Author : Juana Alicia
Publisher : Heyday Books
Page : 224 pages
File Size : 22,83 MB
Release : 2019
Category : Art
ISBN : 9781597144834
"A beautiful coffee table book celebrating the Maestrapeace Mural that adorns San Francisco Mission District's Women's Building, in time for the 25th anniversary of the mural in 2019"--
Author : K. Jean Peterson
Publisher : Routledge
Page : 354 pages
File Size : 39,21 MB
Release : 2001
Category : Social work with women
ISBN :
Exploring the ways a woman-centered worldview can transform social policy, social services, and direct practice, twelve chapters address issues such as family violence, welfare reform, child welfare, mental health, racism, equality, supporting the strengths of older women, promoting reentry for formerly incarcerated women, and lesbianism and bisexuality.
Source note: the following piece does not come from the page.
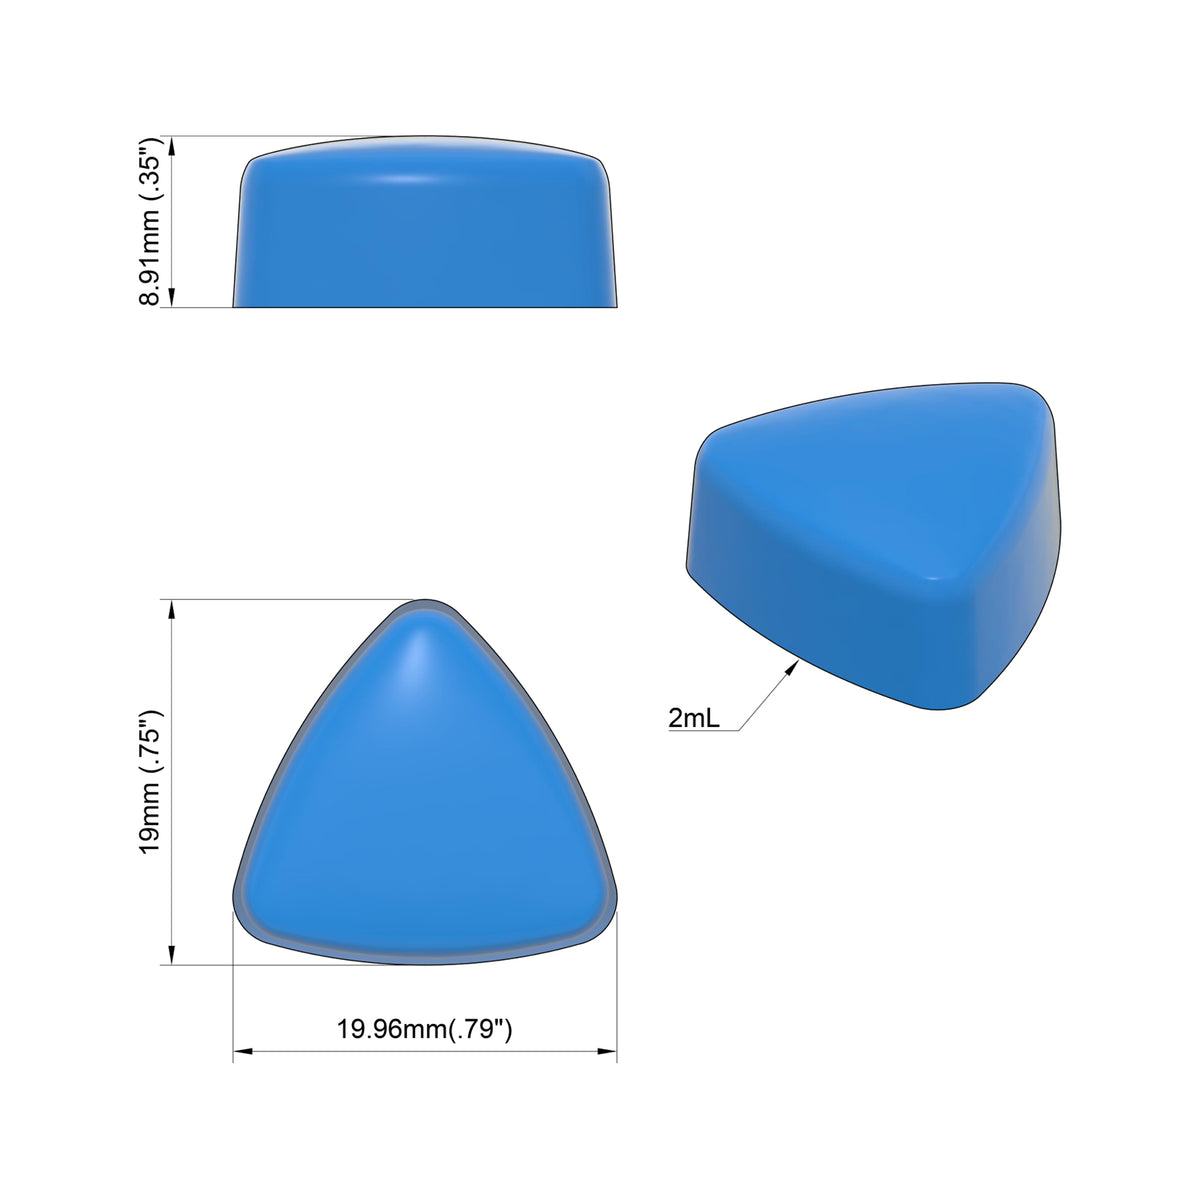 2mL Rounded Triangle Gummy Mold

Contributors include social workers as well as scholars of social work and women's studies. Annotation copyrighted by Book News, Inc., Portland, OR
Author : Feminista Jones
Publisher : Beacon Press
Page : 202 pages
File Size : 50,96 MB
Release : 2019-01-29
Category : Social Science
ISBN : 0807055379
A treatise of Black women’s transformative influence in media and society, placing them front and center in a new chapter of mainstream resistance and political engagement In Reclaiming Our Space, social worker, activist, and cultural commentator Feminista Jones explores how Black women are changing culture, society, and the landscape of feminism by building digital communities and using social media as powerful platforms. As Jones reveals, some of the best-loved devices of our shared social media language are a result of Black women’s innovations, from well-known movement-building hashtags (#BlackLivesMatter, #SayHerName, and #BlackGirlMagic) to the now ubiquitous use of threaded tweets as a marketing and storytelling tool. For some, these online dialogues provide an introduction to the work of Black feminist icons like Angela Davis, Barbara Smith, bell hooks, and the women of the Combahee River Collective. For others, this discourse provides a platform for continuing their feminist activism and scholarship in a new, interactive way. Complex conversations around race, class, and gender that have been happening behind the closed doors of academia for decades are now becoming part of the wider cultural vernacular—one pithy tweet at a time. With these important online conversations, not only are Black women influencing popular culture and creating sociopolitical movements; they are also galvanizing a new generation to learn and engage in Black feminist thought and theory, and inspiring change in communities around them. Hard-hitting, intelligent, incisive, yet bursting with humor and pop-culture savvy, Reclaiming Our Space is a survey of Black feminism’s past, present, and future, and it explains why intersectional movement building will save us all.